The German developer Replay Studios recently announced Survivor, which is in development for both consoles and PC. The game is a 3rd person disaster survival game with interactive locations based on famous, historical accurate disaster scenarios. In independent game episodes, the player will experience some of the most dramatic disasters of the 20th and 21st century. We caught up with Claus Wohlgemuth, who answered a few questions on the game for us.
Firstly, what is your role in the development of Survivor?
I am co-producer of the game and the co-writer of design documents.
Very few games cover major disasters, especially real life ones. What inspired you to create a game based around them?
Tragic disasters have always been source of inspiration for great dramas or movies, so why not for a game as well? We feel that disasters can express much of our contemporary situation in the world and it seems we have touched the nerve of the zeitgeist, like some reactions reveal. We are inspired by real life events but also by games, TV, dreams, books, films and comics.

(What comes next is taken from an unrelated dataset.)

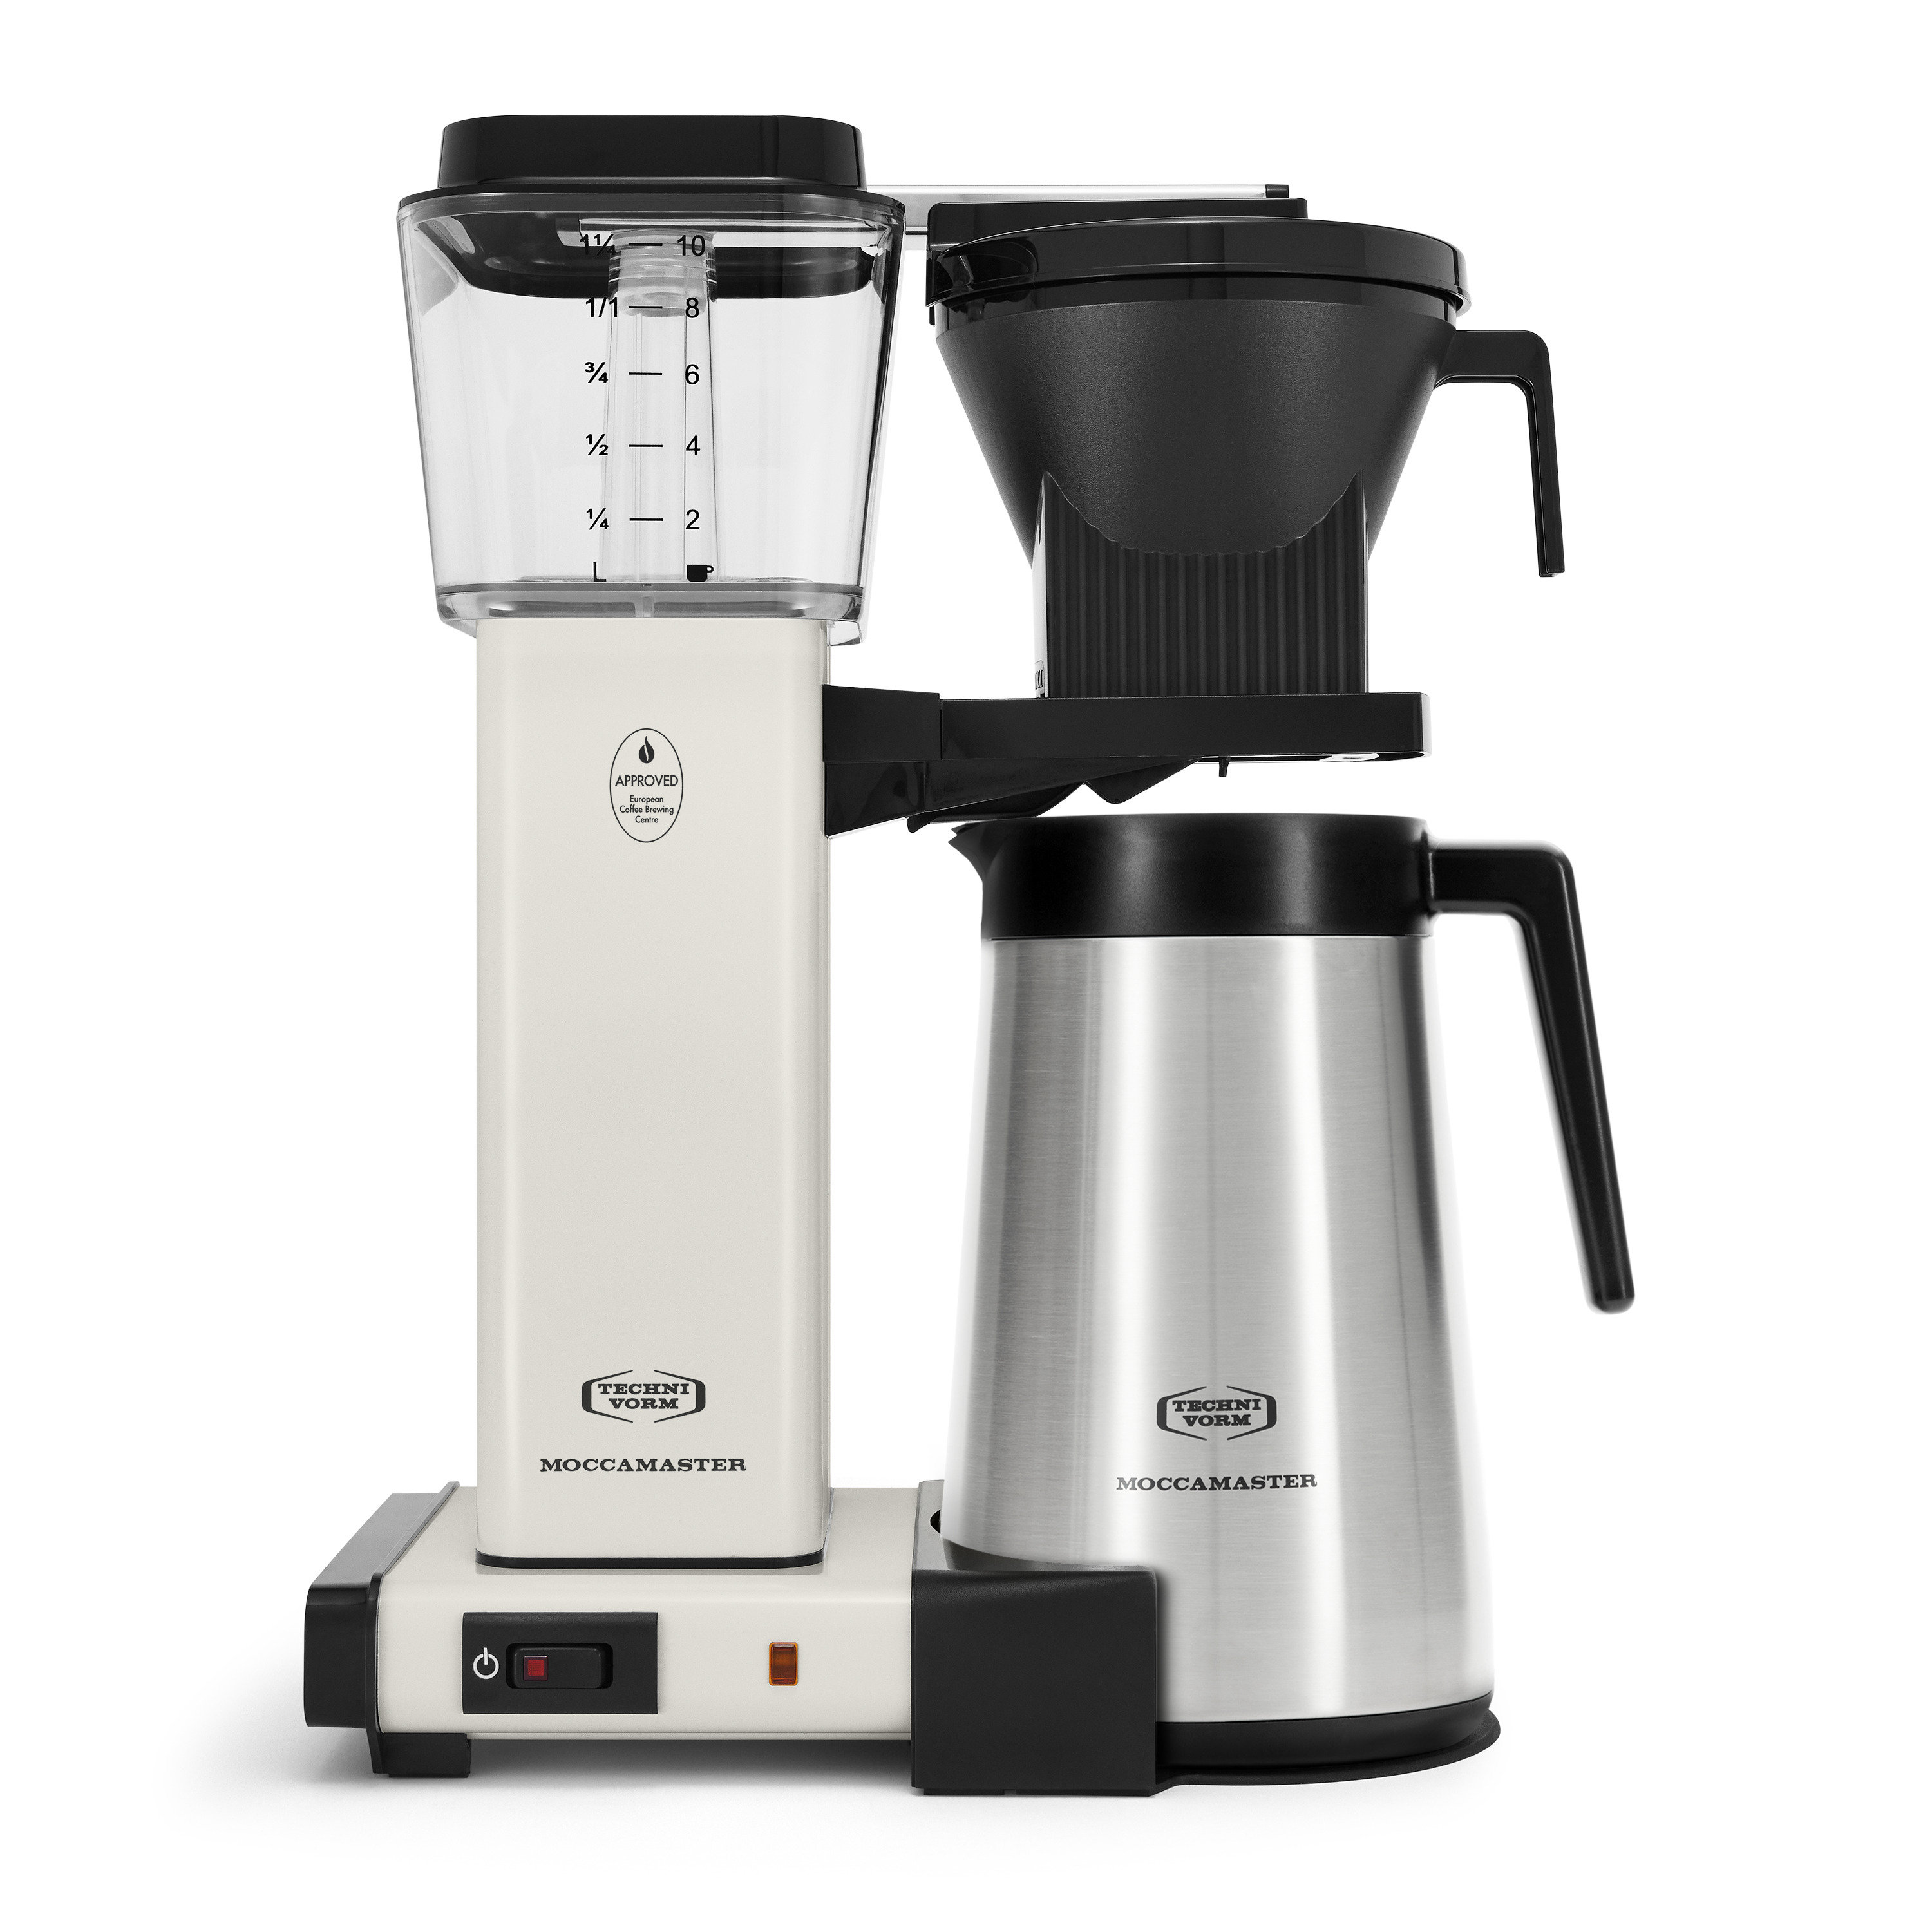 https://assets.wfcdn.com/im/44981880/compr-r85/2408/240888541/moccamaster-10-cup-kbgt-coffee-maker.jpg

The game's concept document mentions that the player will be able to move throughout the entire level and have "GTA-like" freedom. Does this mean that you'll be able to escape from the disaster area in several ways?
The different areas will have normally one exit point to the following area which is reachable by different ways. The main goal is always to proceed to this point, marked in a GUI mini map. For many main goals in between, there will be also different ways to complete them. The player freedom means that you can move freely throughout the area and complete various goals of your choice or if you don’t want to, you can follow your only main goal; survival.

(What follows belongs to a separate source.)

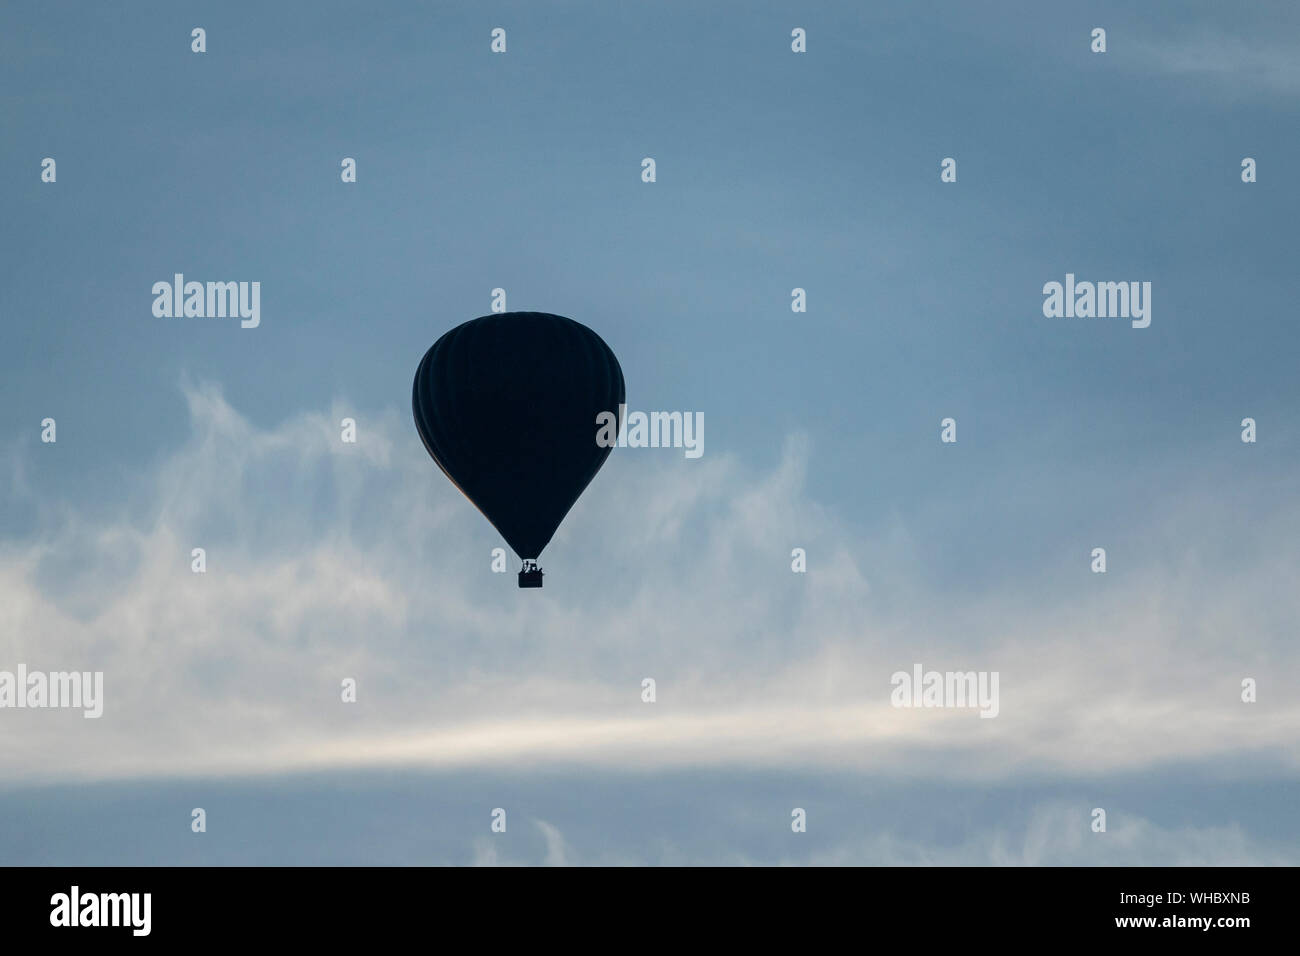 Un portrait d'un ballon à air chaud au loin, flottant dans un ciel bleu avec quelques nuages voile. Banque D'Images

How structured will each level be? Will the aim be simply to survive or will there be other missions to follow?
Every level contains 5-8 areas which we call 'sectors'. Every sector will have a number of different mission goals to complete, but you’re not forced to finish them all, as I mentioned before. For example, there will be hero goals (saving people, fighting looters and unfriendly security people), crime goals (looting etc.) or voyeur goals (shooting sensational photos at dangerous places). Any items that you gain (helmets, gas masks, fire blankets, crow bars, guns and so on) could be essential to survive later areas. There will hardly be time to complete all the goals as the disaster events often has time limits, so you have to decide what you want to go for, or just go for your own survival. You can also return to past sectors to complete missing goals when you feel ready for it later on. A little TV screen of the Non Censored Network will keep you all the time informed about the situation in the area.

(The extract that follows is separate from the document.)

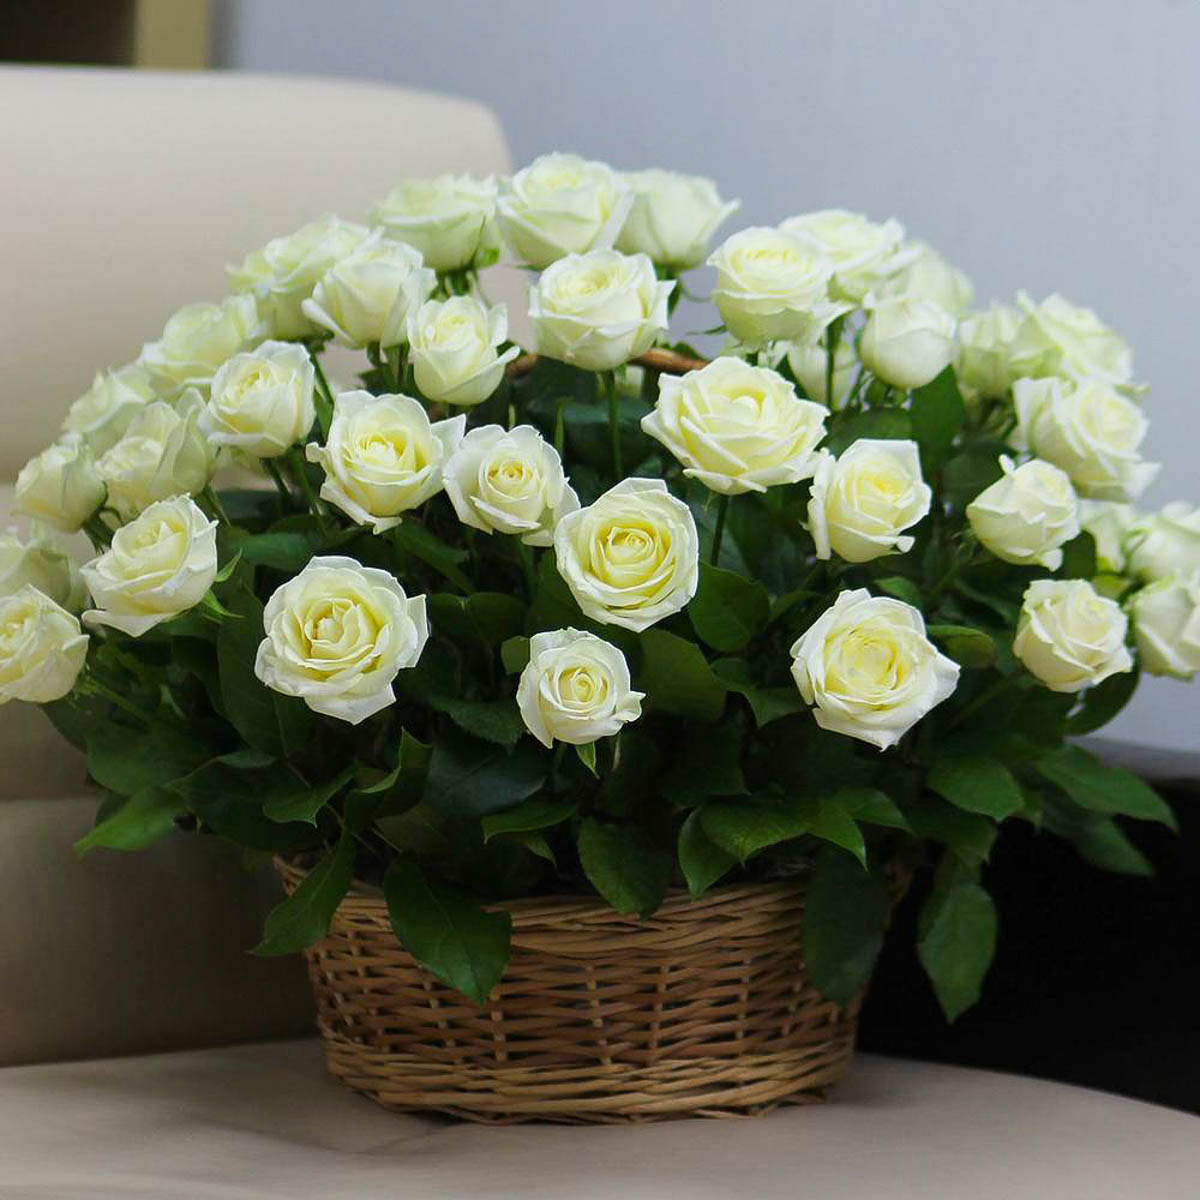 Фото 2 - Большая корзина 51 белая роза

Once you play the hero you’re not forced to be hero for the rest of the mission. You can choose your actions freely, with all the consequences as well. The player will face unique situations all the time without repetitions. You can also use cars and other vehicles in some scenarios. Different disaster events will be going on in the background and structures will often be collapsing. Chance is also playing a certain role in dynamic events but not all the time.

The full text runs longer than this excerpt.